The COVID-19 recession has further entrenched existing racial disparities in the job market and has disproportionately left Black and brown workers unemployed.

As a professor of human resources and labor relations, I urge the Connecticut General Assembly to address this crisis by enacting “worker recall” legislation. Research shows that this legislation, which requires employers to rehire workers based on tenure and qualifications once jobs return, can help create a more equitable economic recovery by limiting the role that implicit biases play in rehiring decisions. The objective criteria this policy requires employers to follow can give marginalized workers a fair chance to recover jobs that they earned through trainings, skills development, and dedication.

While job loss has been universal, it has particularly devastated workers of color. The University of New Hampshire Carsey School of Policy found that during the peak of the pandemic, in April 2020, Latinos had the highest unemployment rate at nearly 19%, followed by Black workers at 16.4%. Whites had the lowest unemployment level at approximately 13%. As businesses reopened in the late summer, unemployment rates among white workers quickly fell, dropping down below 10% in July. However, the U.S. Census Bureau’s Current Population Survey painted a different picture for Black workers, whose unemployment rate fell at a slower pace. By August, the white unemployment rate was 7.3%; for Black workers, it was 13%.

Without strong protections, there is a risk that these patterns of disparity will continue when managers choose which workers to recall from layoffs. Data from the U.S. Bureau of Labor Statistics demonstrates that racial gaps have already begun to emerge. Over the course of the pandemic, a higher percentage of white workers were called back to work each month compared to Black workers. Racial and gender disparities are present in hiring, promotion, and retention decisions. These disparities are often a result of implicit, unintentional cognitive biases. Such biases mean that when managers are left to their unfettered discretion, they may unconsciously allow stereotyping, in-group preference, or other forms of bias to influence their decision-making. Social psychological literature indicates that managerial decisions will often reproduce outcomes that systematically benefit already-privileged social groups if personnel policies do not take implicit biases into account.
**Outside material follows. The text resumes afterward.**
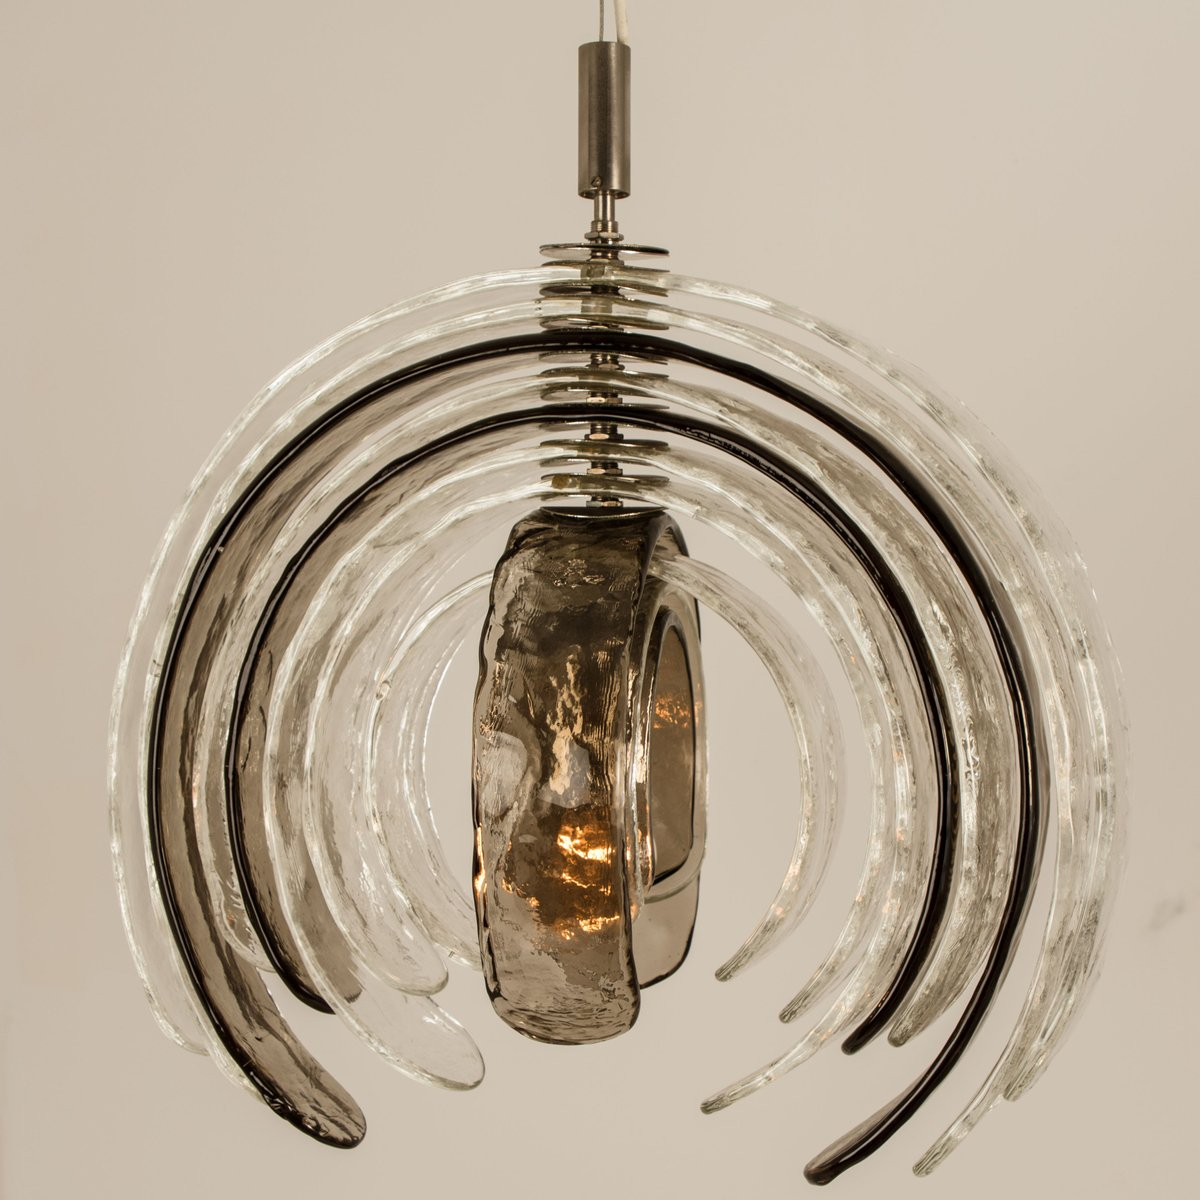 skulpturale artichoke lampen von carlo nason f r mazzega 1970er 2er set bei pamono kaufen. Black Bedroom Furniture Sets. Home Design Ideas

Recall legislation has the potential to reduce discrimination against disadvantaged workers and communities, thereby improving economic outcomes. It would help improve managerial decision-making by imposing objective criteria and incorporating accountability. As a result, recall practices could create greater opportunities and more equitable workplaces for ethnic and racial minorities and women. This outcome would allow employers to retain control over major rehiring decisions, like denying employment to unqualified applicants, while giving a fair chance to Black and brown workers to recover positions that they earned.
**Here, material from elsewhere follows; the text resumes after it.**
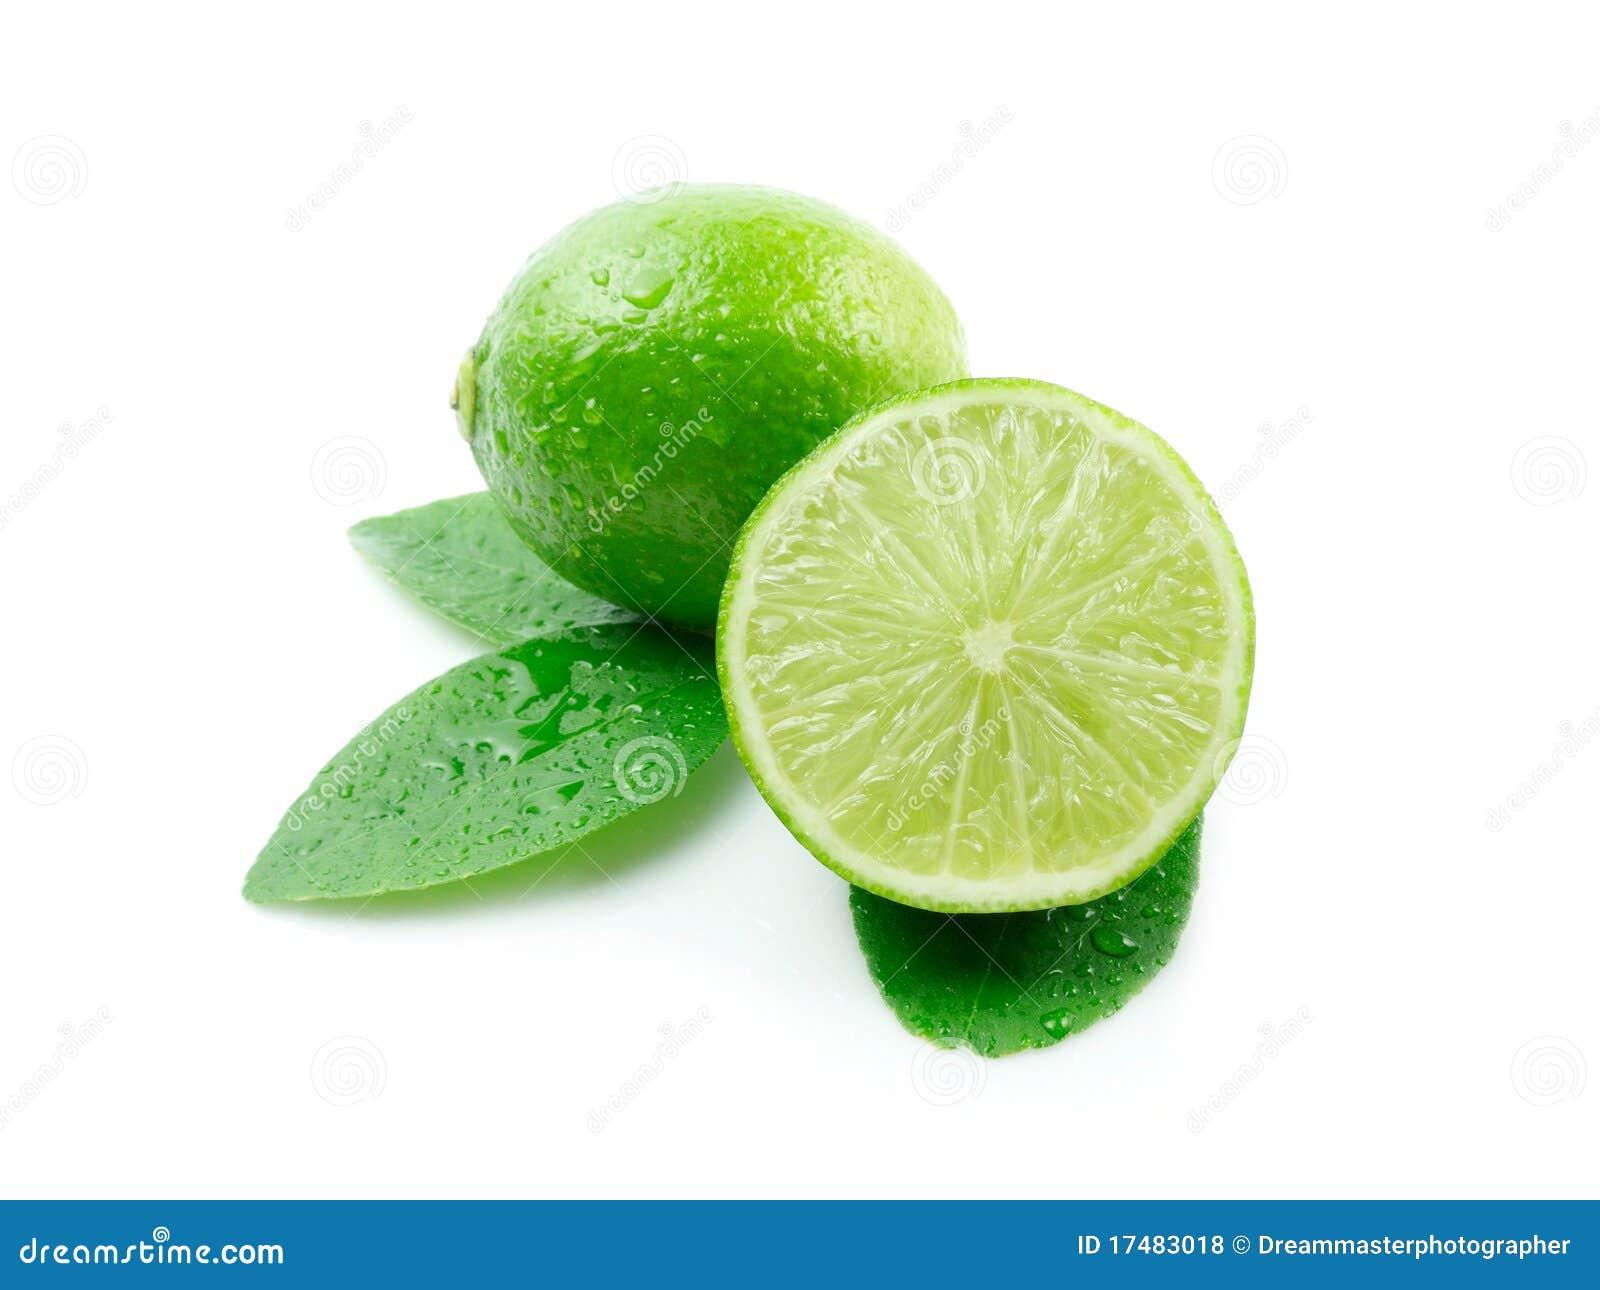 Green lemons with leaves

According to research conducted by the University of Minnesota, Connecticut has some of the highest levels of income inequality and racial segregation in the country. By passing worker recall legislation, the Connecticut General Assembly can help steer the state towards a more equitable recovery.

Sean Edmund Rogers is the Spachman Professor of Human Resources and Labor Relations and Executive Director of Inclusive Excellence at the University of Rhode Island College of Business.